Cooking pot with lid

Pot of globular form with wide flaring mouth, round bottom; covered by bowl-shaped lid.
Clay: brown earthenware, blackened by reduction firing.
Glaze: none.
Decoration: none.

  • Cooking pot with lid
  • Cooking pot with lid
  • Cooking pot with lid
  • Cooking pot with lid
  • Cooking pot with lid
  • Cooking pot with lid
  • Cooking pot with lid
Origin
Vietnam, Central Highlands
Medium
Earthenware with resin coating
Credit Line
Gift of Osborne and Gratia Hauge, and Victor and Takako Hauge
Collection
National Museum of Asian Art Collection
Dimension(s)
H x Diam (overall): 15.9 x 14.5 cm (6 1/4 x 5 11/16 in)
Accession Number
S2005.202a-b
On View Location
Currently not on view
Date
Nguyen dynasty, 19th-mid 20th century
Keyword(s)
earthenware, Nguyen dynasty (1802 - 1945), resin coating, unglazed, Vietnam
Curatorial Remarks
  • 1. (Louise Cort, 10  July 2002)  According to Mrs. Tran Thi Thanh Dao, Museum of Vietnamese History, HCMC, this  type of pot is made by ethnic minority groups near Da Lat (Jarai, Sedang?).


    2. (Louise Cort, 30  June 2003) Mr. Tran Ky  Phuong, independent researcher, Da Nang,  said he had never seen pots of this sort. They were definitely not by Katu  potters (ethnic minority group living in the mountains above the old Cham area  of Central Vietnam).

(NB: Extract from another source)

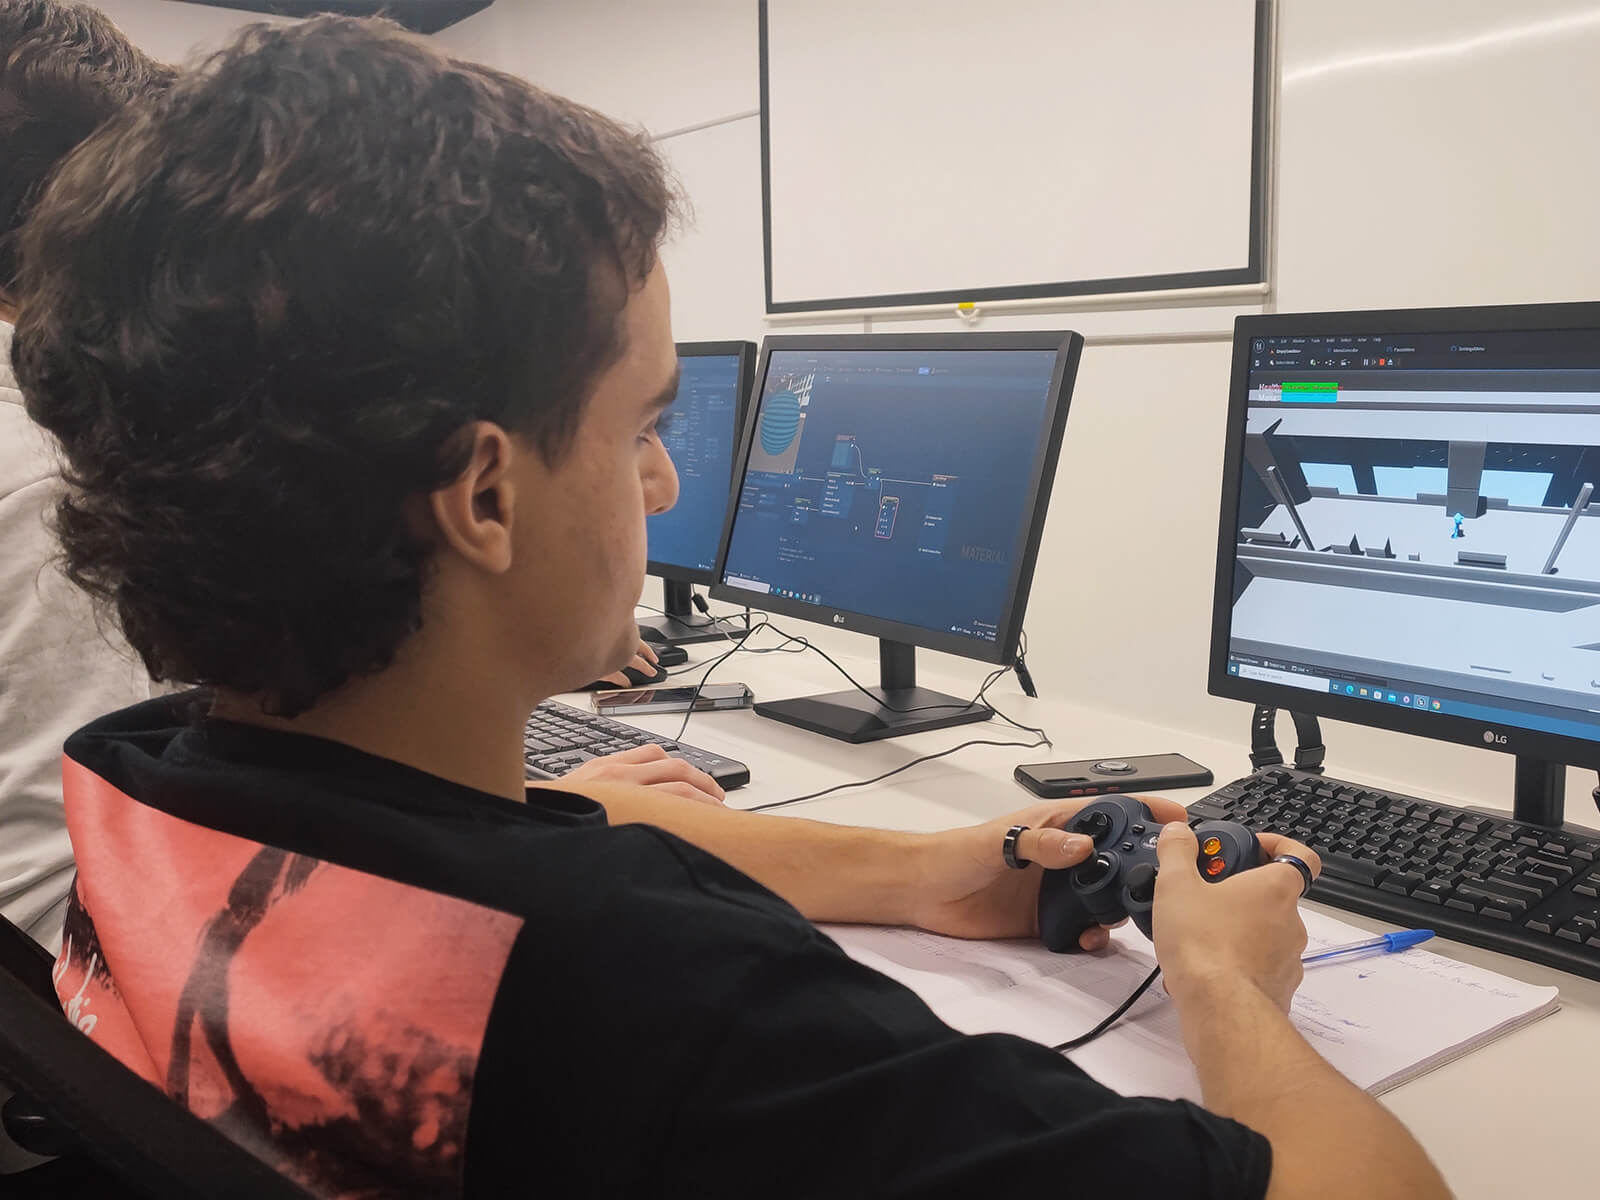 Un estudiante prueba una versión temprana de un juego mientras usa un controlador y mira un monitor.

Given the use of  vegetable sap to coat these pots, he wondered whether they were not the  products of Cham potters making products for trade to the minority groups. The  Cham potters in Tri Duc (Palay Gok),  Bac Binh, Binh Thuan province, apply hot resin to  their fired pots.


    3. (Louise Cort, 14  July 2006) According to Dr. Lu Hung, Vietnam Museum of Ethnology, Hanoi, the  rounded formation of the base of this pot (rounder than the angular base on  some of the other pots in this group) suggests that it was made by Ede, Ma, or Ba Na ethnic potters. We visited potters from these ethnic  groups during our research trip to the Central Highlands in March.


    4. (Louise Cort, 19  October 2006) A bowl approximating the size and shape of the "lid" of  this pot (h. 7 cm, diam. 10 cm) in the collection of the Musee du Quai Branly, Paris, collected before 1936 by Georges Devereux  from a Sedang community in Kon Tum province, Central Highlands, Vietnam (acc.  no. 71.1936.4.66), is identified in Sedang as a ‘tlah  taneh’ (clay bowl).


    A bowl collected by Georges Condominas (acc. no. 71.1950.24.79, h. 9.5  cm, diam. 13 cm) from the Mnong Cil  village of Rlieng in Dac  Lac province is identified as a "ritual bowl" (kroo  coot = "bowl for taste of beer"). His notes state that the bowl can  serve as a measure for white (husked) rice, especially for the purpose of paying  a debt, but that the principal function is ritual, for mixing the lees of rice  wine and blood of the sacrificed animal and making the prayer of offering.  Condominas recorded the value of the bowl as one piaster—either a small glass  of salt or the bowl full of husked rice.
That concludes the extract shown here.